Generating News Headlines with Machine Learning
Extra! Extra! Read All About It!
Introduction
We can build classifiers to detect sarcasm in news headlines, but what about generating news headlines from scratch?
My goal is to build a machine learning model that can do just that.
To achieve this, I’ll use textgenrnn, a neural network architecture that allows you to easily train a text-generating neural network of any size and complexity on any text dataset.
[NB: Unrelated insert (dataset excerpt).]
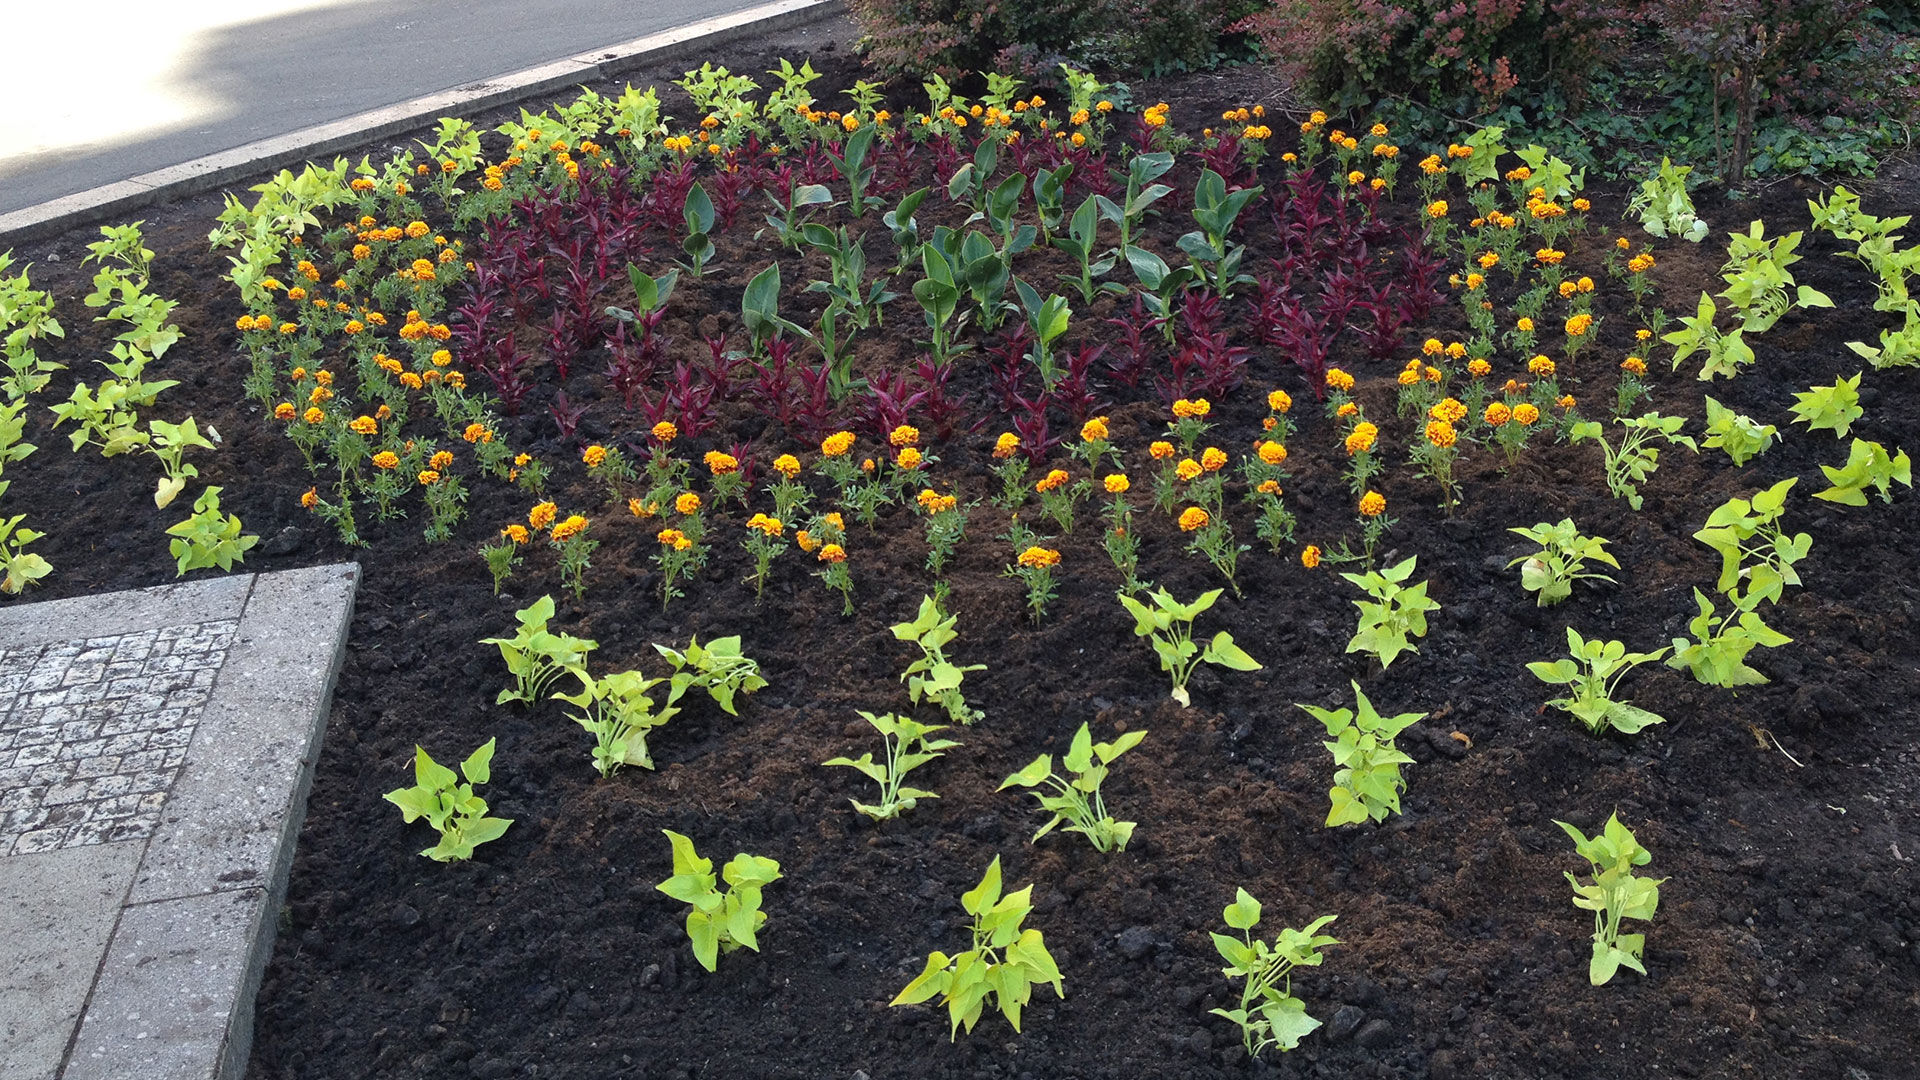 PLANTING FLOWERS ON WENCESLAS SQUARE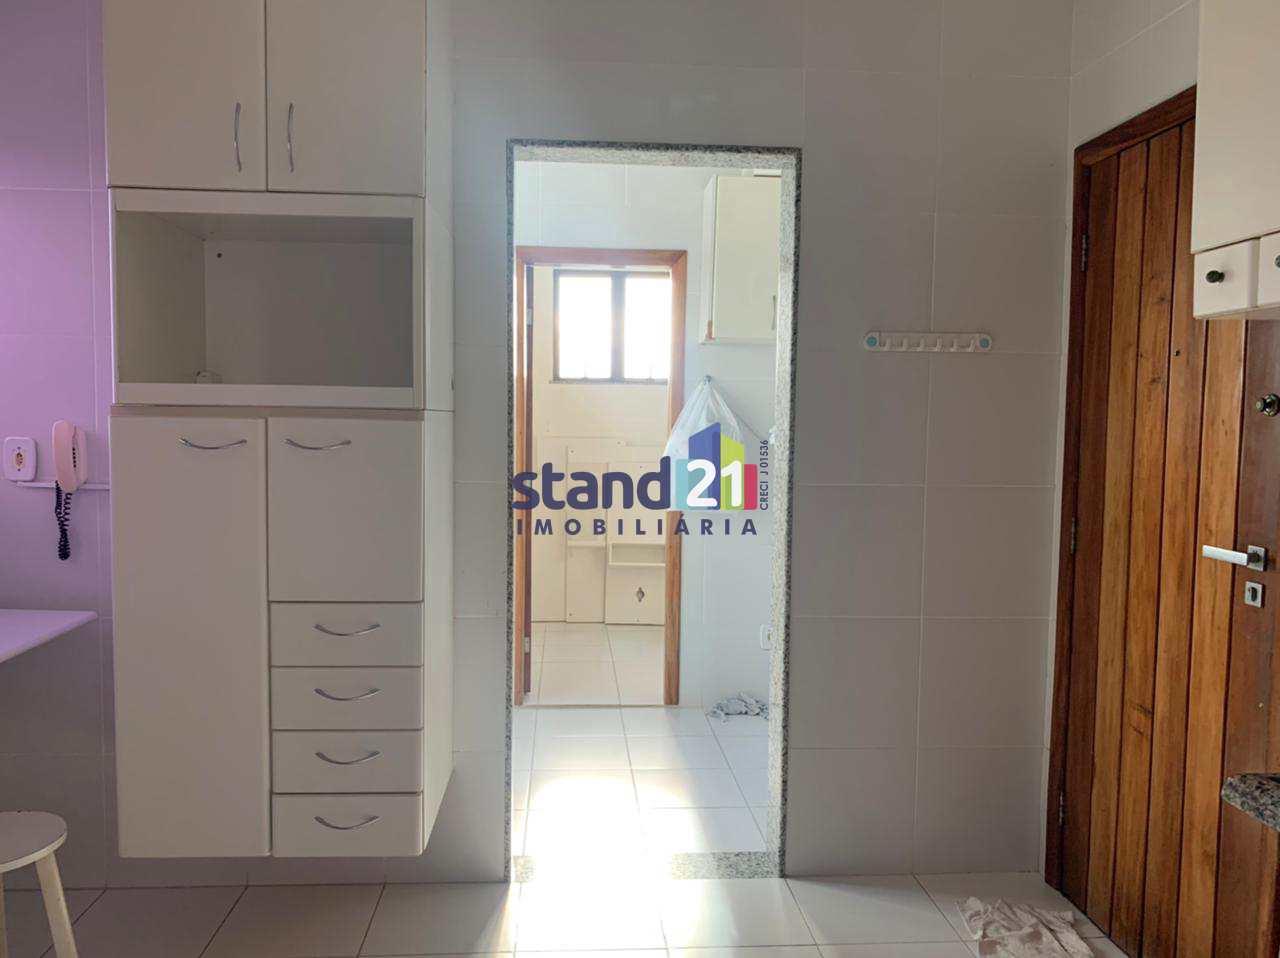 Apartamento com 3 dorms, Jardim Vitória, Itabuna - R$ 750 mil, Cod: 744

You can read more about textgenrnn here:
Data Source
I’ll be using this dataset from Kaggle:
It contains the publish date and headline text of news headlines from the Australian Broadcasting Corporation as a single CSV file.
Setup
First things first, I pip and import the necessary Python libraries.
import os
import pandas as pd
import numpy as np
from textgenrnn import textgenrnn
import time
Now we’ll load our data into a Pandas DataFrame:
filename = "abcnews-date-text.csv"
with open(os.path.join(".", "data", filename), "rb") as f:
df = pd.read_csv(f)
Let’s also set up a few constants for our machine learning model:
NUM_EPOCHS = 1
PERCENT_TRAINING = 0.5
Exploratory Data Analysis
To get a better sense of the dataset we’re working with, let’s dive into some data analysis!
Results:
We can see that we have over a million data entries and no null values. From the number of unique values we have in our dataset, we also know that we have some duplicate headlines that we need to drop.
In addition to the duplicates, we’ll also discard half of our data. We do this because training the model takes quite a few hours, and the more data we have, the harder it is and the longer it takes to train.
Training the Model
We’re now ready to train our machine learning model!
We’ll start by converting the headline text into a NumPy array and initializing the model.
arr = df["headline_text"].to_numpy()
model = textgenrnn()
Next, we’ll set the necessary parameters for our model:
Now we’ll train and save the model using the specified parameters. Saving the model will allow us to quickly load and use the trained model when needed.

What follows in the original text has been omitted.